El Pont del Tren proyectado por Gaspar Bennàzar desapareció para siempre debido a que los políticos hicieron oídos sordos a las reivindicaciones vecinales. Actualmente hay una réplica. A veces, la historia no se repite. El puente construido en 1860 en la calle Robert Graves para unir El Terreno con La Bonanova se salvó por los pelos de la piqueta porque el concejal de Cort Francisco Donate escuchó a la asociación ARCA. "A partir de aquí las cosas fueron mucho más sencillas", en palabras del portavoz de la entidad dedicada a la protección del patrimonio, Josep Massot, y "se demostró que todo es posible", añadió en referencia a la rehabilitación conseguida. "Pocas veces se da valor a las obras industriales o de ingeniería", lamentó, aunque en este caso "ha pasado más de un siglo" y el puente que cruza el torrente del Mal Pas continúa "con la misma imagen" y usos de antaño.

Bueno, ahora pasan coches en vez de carros y la unión de ambos barrios también es posible a través de la calle Joan Miró.

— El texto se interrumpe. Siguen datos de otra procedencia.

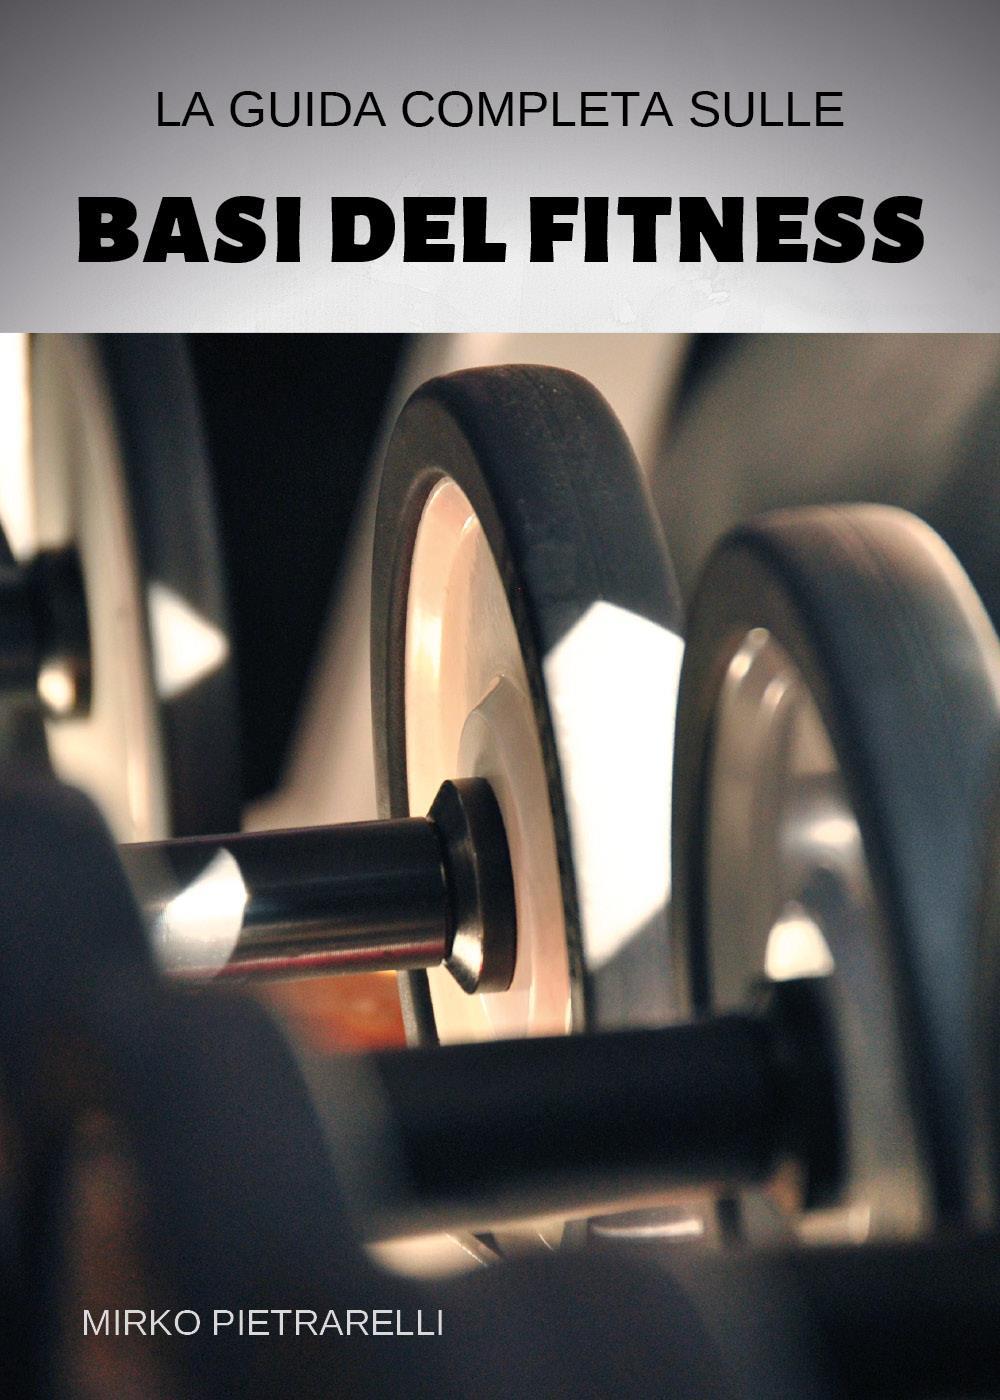 La guida completa sulle basi del fitness

Sin embargo, como dijo la alcalesa de Palma, Aina Calvo, ayer tras la inauguración de la obra, han sido "capaces de conservar" un valioso elemento patrimonial gracias a la implicación de ARCA, la asociación vecinal de El Terreno y el PP, quien también instó a Cort a revisar el proyecto inicial de derribo y reconstrucción.

"Luz al final del túnel"

Los vecinos de El Terreno se mostraron muy satisfechos con esta rehabilitación –"se ha hecho como queríamos, dejándolo como era antes", destacó el vicepresidente, Melchor Llabrés– y aprovecharon la presencia de los políticos para meterles prisa con el derribo del hostal Sayonara, situado a pocos metros de allí. "Tenemos buenas noticias. Hace 30 años que esperamos y ahora vemos la luz al final del túnel", afirmó sobre la demolición, que se efectuará en breve con la financiación estatal del Plan E.

La reforma del puente de la calle Robert Graves ha costado finalmente 550.000 euros y también ha sido posible gracias al Plan E, según recordó la alcaldesa. Aina Calvo no se quiso olvidar de los ingenieros de caminos de la Universitat de Alicante que se encargaron de "vaciar" el interior del puente sin tocar las paredes para poder reforzar la estructura con hormigón.

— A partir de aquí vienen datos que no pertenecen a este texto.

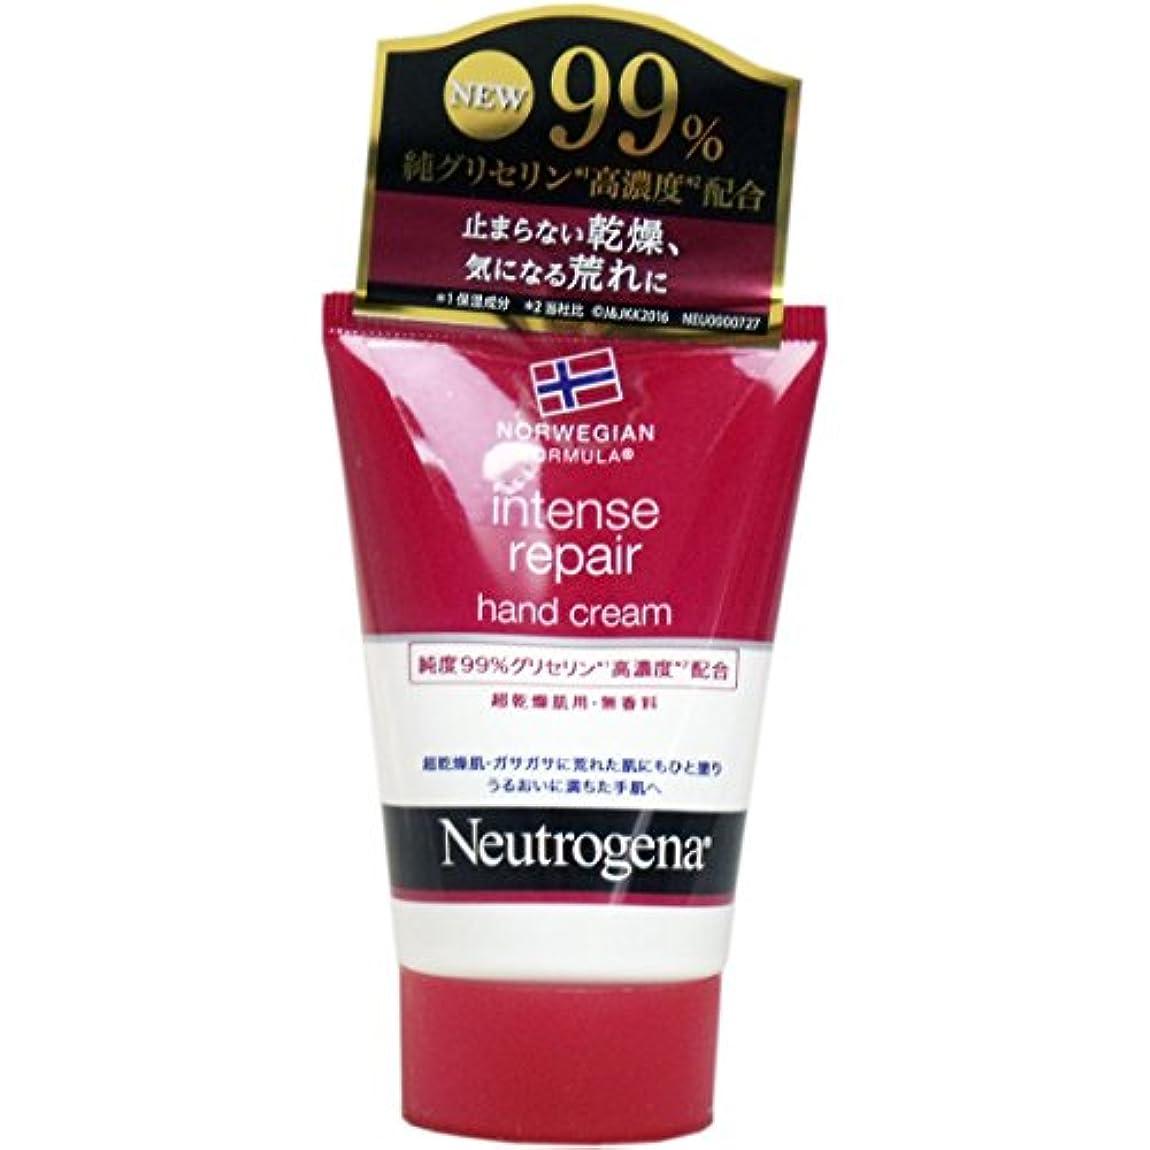 事故そうでなければ黒板【セット品】Neutrogena(ニュートロジーナ) ノルウェーフォーミュラ インテンスリペア ハンドクリーム 超乾燥肌用 無香料 50g×6個

Inicialmente, la idea del Ayuntamiento era derribarlo y volverlo a levantar, porque esta construcción estaba muy deteriorada y nunca había sido catalogada. ARCA se opuso radicalmente y pidió al Consell de Mallorca su protección. La institución insular aceptó la propuesta y paralizó cautelarmente las obras, por lo que el consistorio aparcó el proyecto inicial y encargó el ahora ejecutado.

Vehículos de emergencias

Tras el refuerzo de la estructura, se permite el paso de vehículos de hasta cinco toneladas, aunque en el caso de que se produjese una emergencia o un hecho excepcional, también pueden transitar las ambulancias y camiones de bomberos, mudanzas o construcciones, por ejemplo.

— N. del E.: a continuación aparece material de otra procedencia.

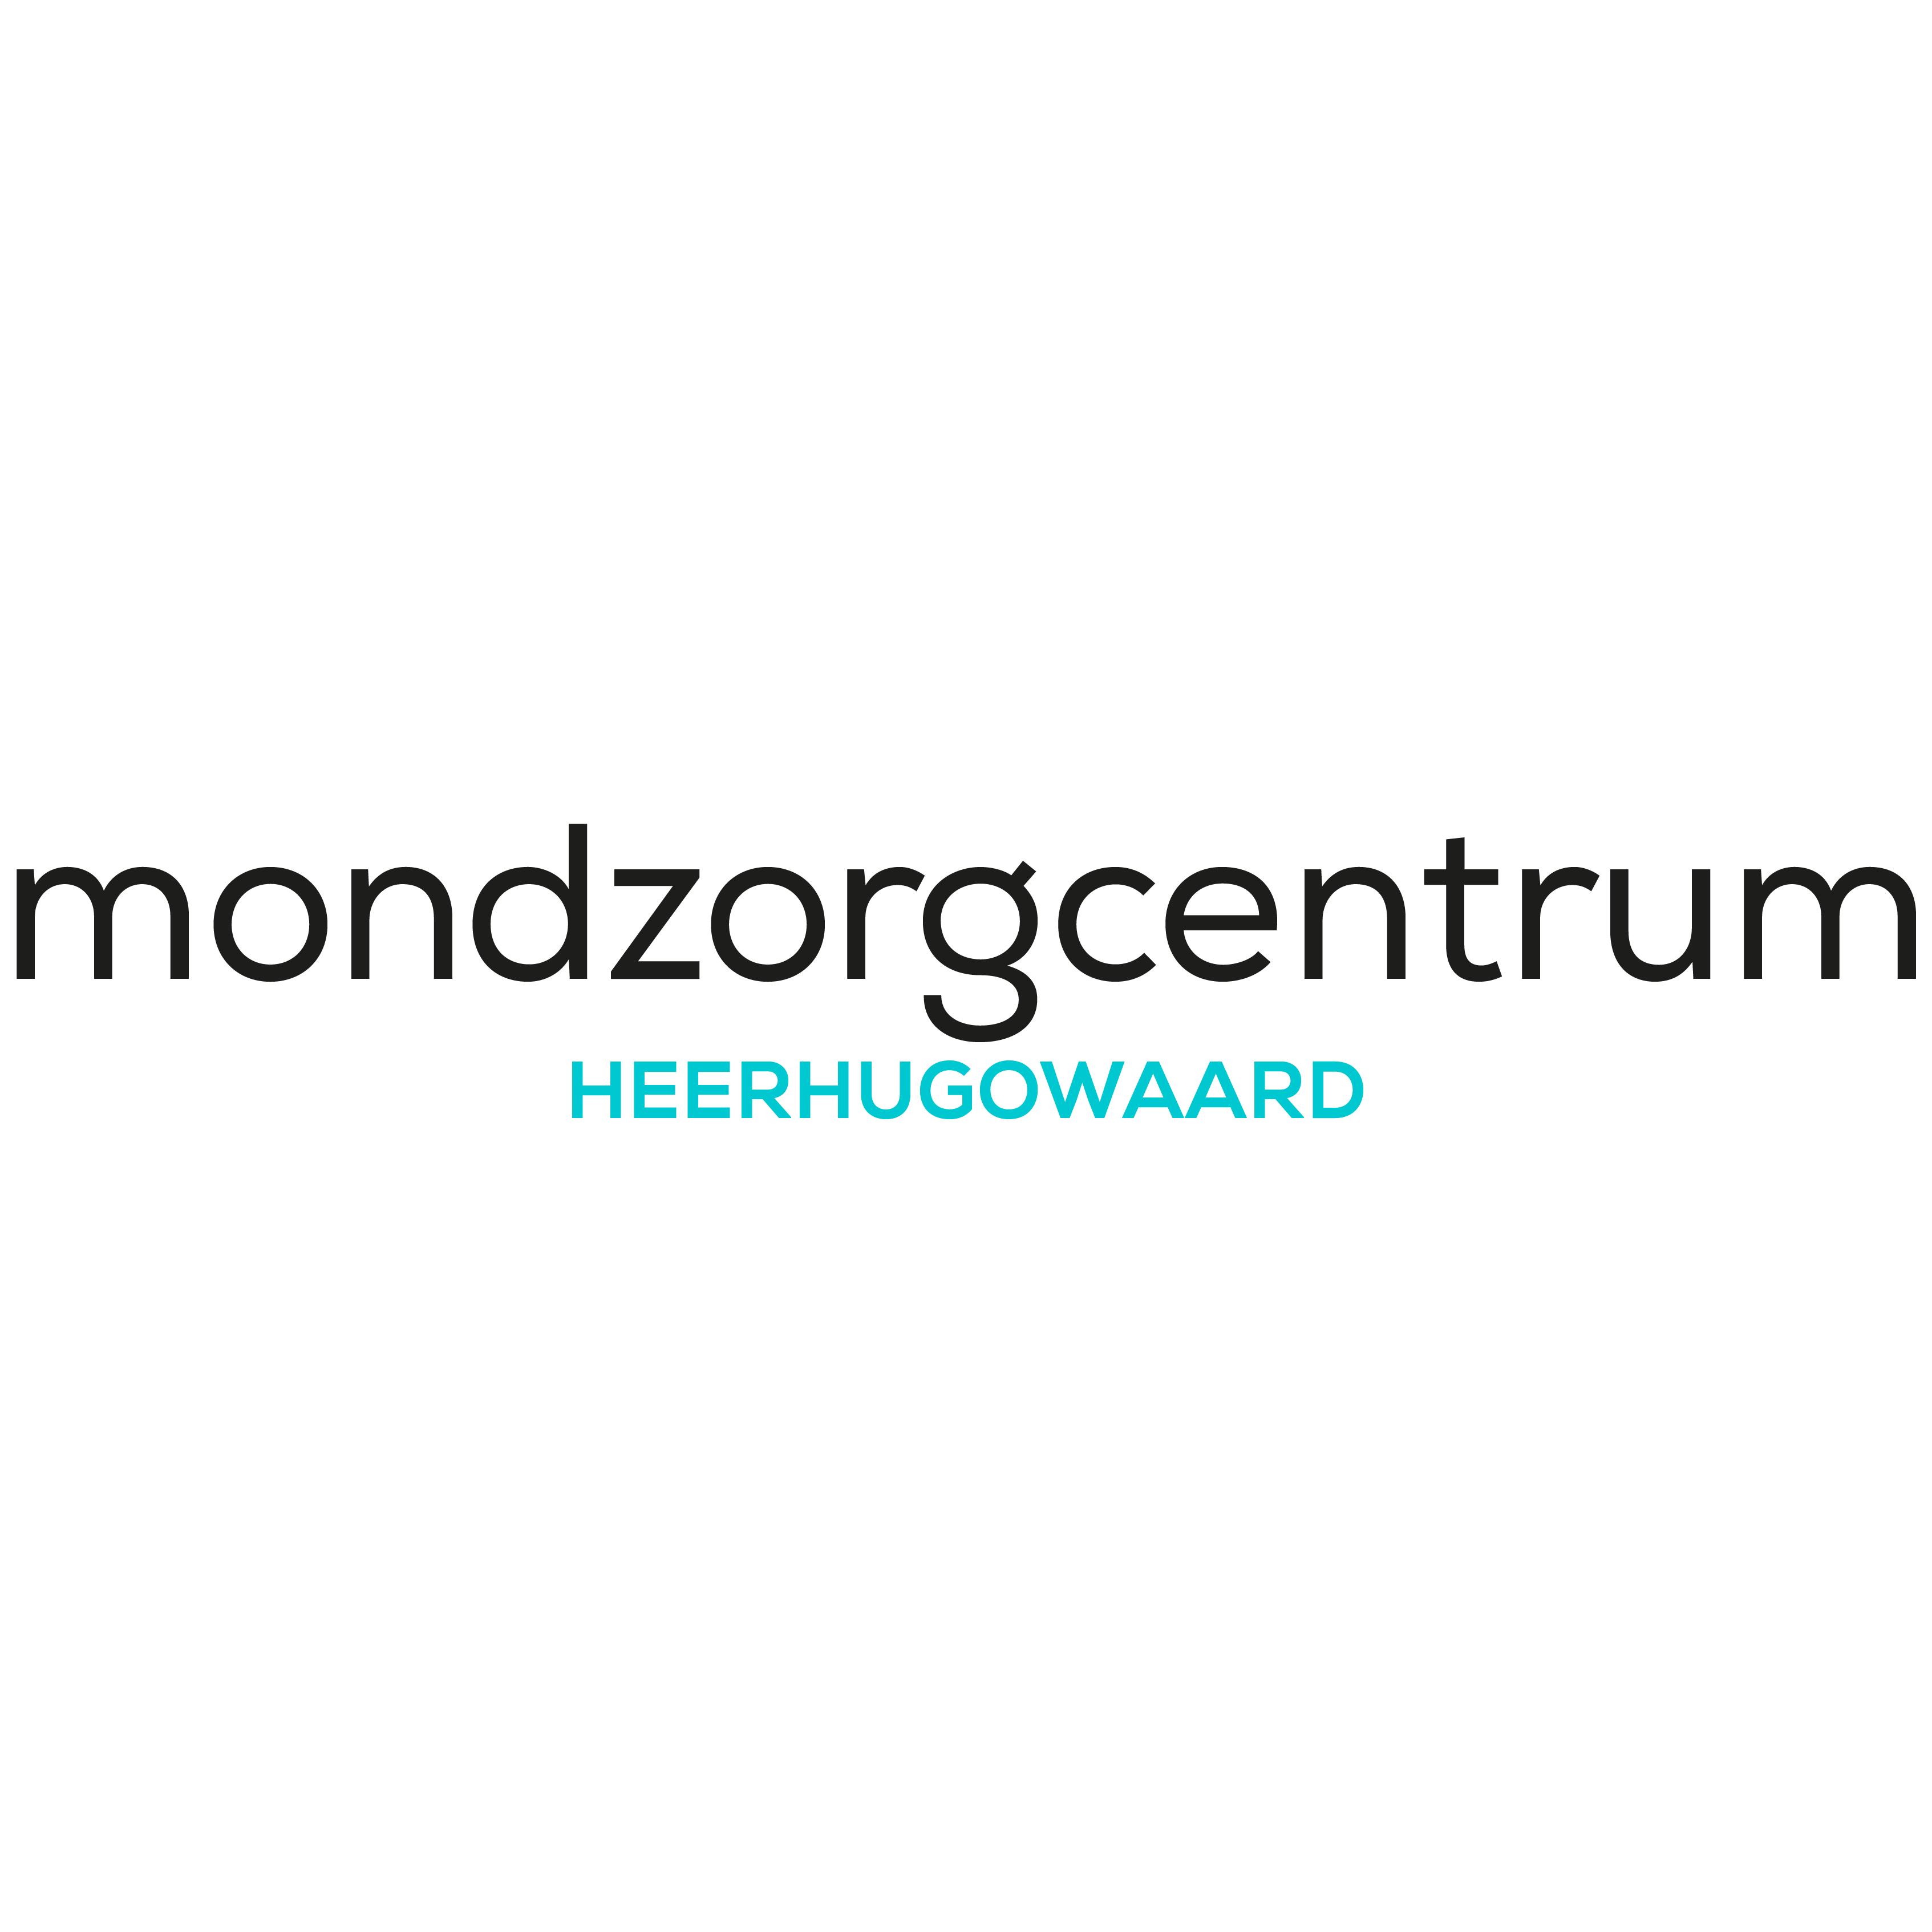 Mondzorgcentrum Heerhugowaard

El puente tuvo que ser cortado al tráfico en diciembre de 2008 debido a la rotura de una canalización que dejó en evidencia la fragilidad de esta obra de ingeniería, ya que el paso de los años y la erosión provocada por el torrente afectaron a la estructura. La obra ha servido además para sustituir la red de aguas pluviales de Robert Graves.